**The data:**
________________________

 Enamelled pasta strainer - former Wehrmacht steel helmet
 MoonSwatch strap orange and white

________________________

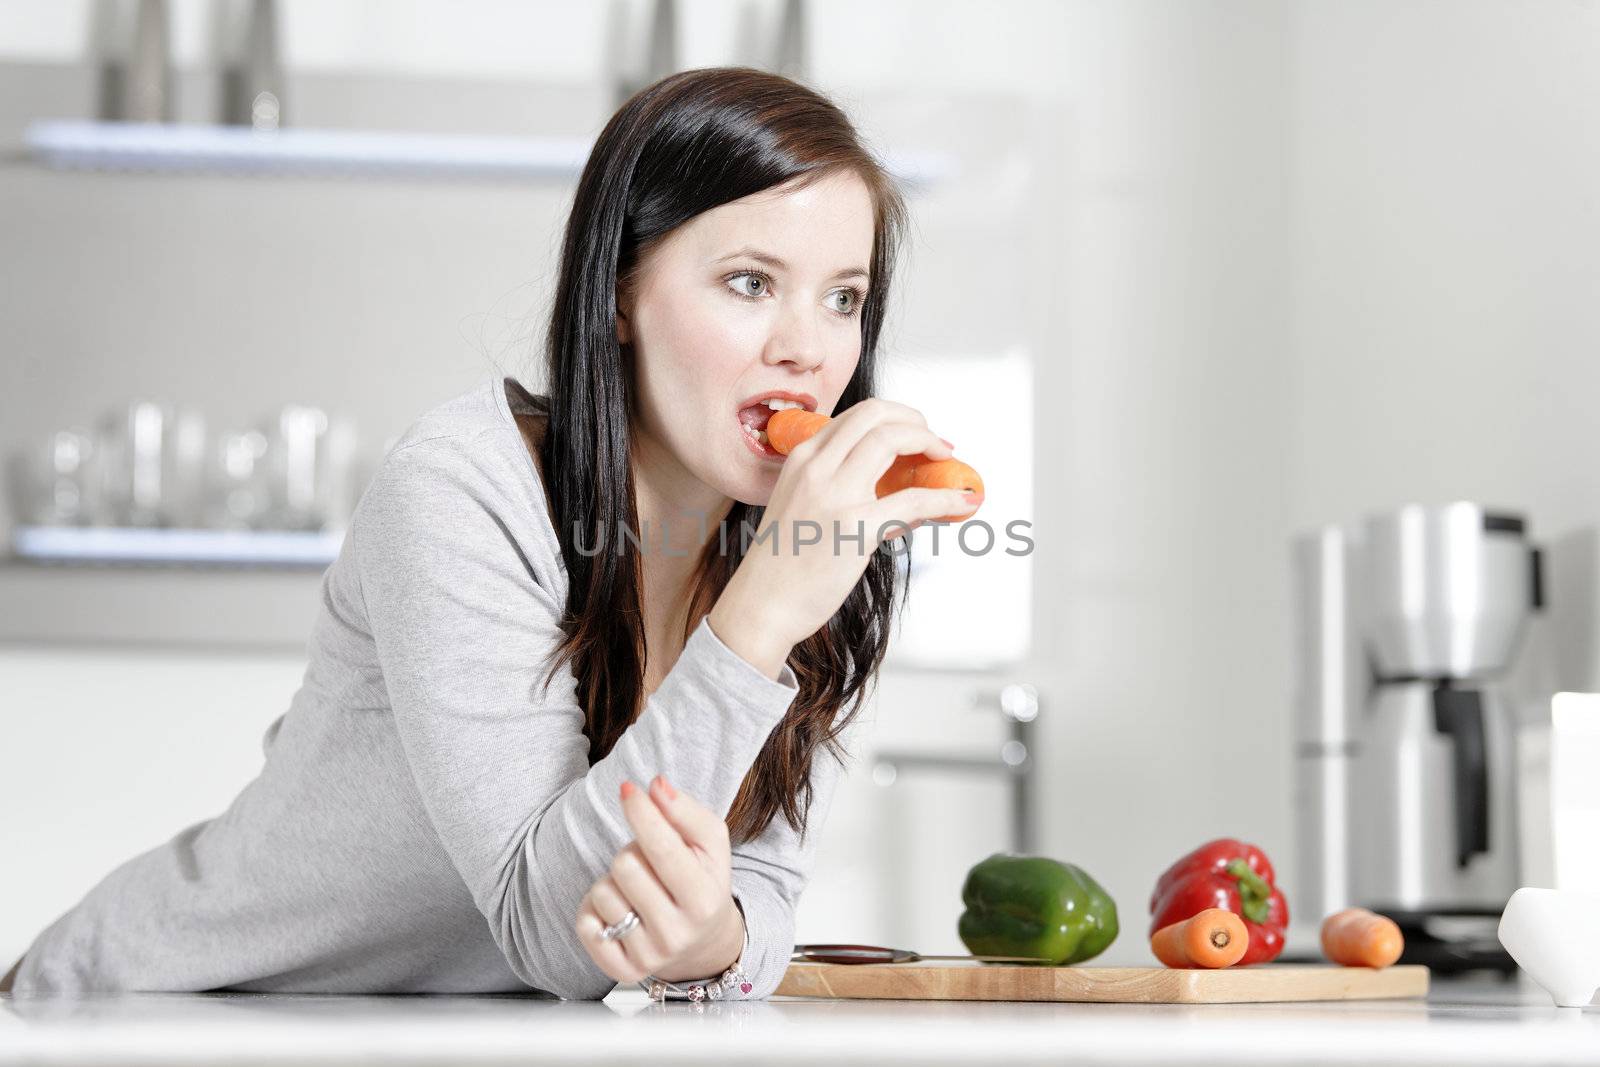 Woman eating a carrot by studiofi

________________________

Reproduce only the lines above, starting at the line with "Enamelled pasta strainer" and ending at the line with "MoonSwatch strap orange and white", exactly as written.

**Worked solution:**
 Enamelled pasta strainer - former Wehrmacht steel helmet
 MoonSwatch strap orange and white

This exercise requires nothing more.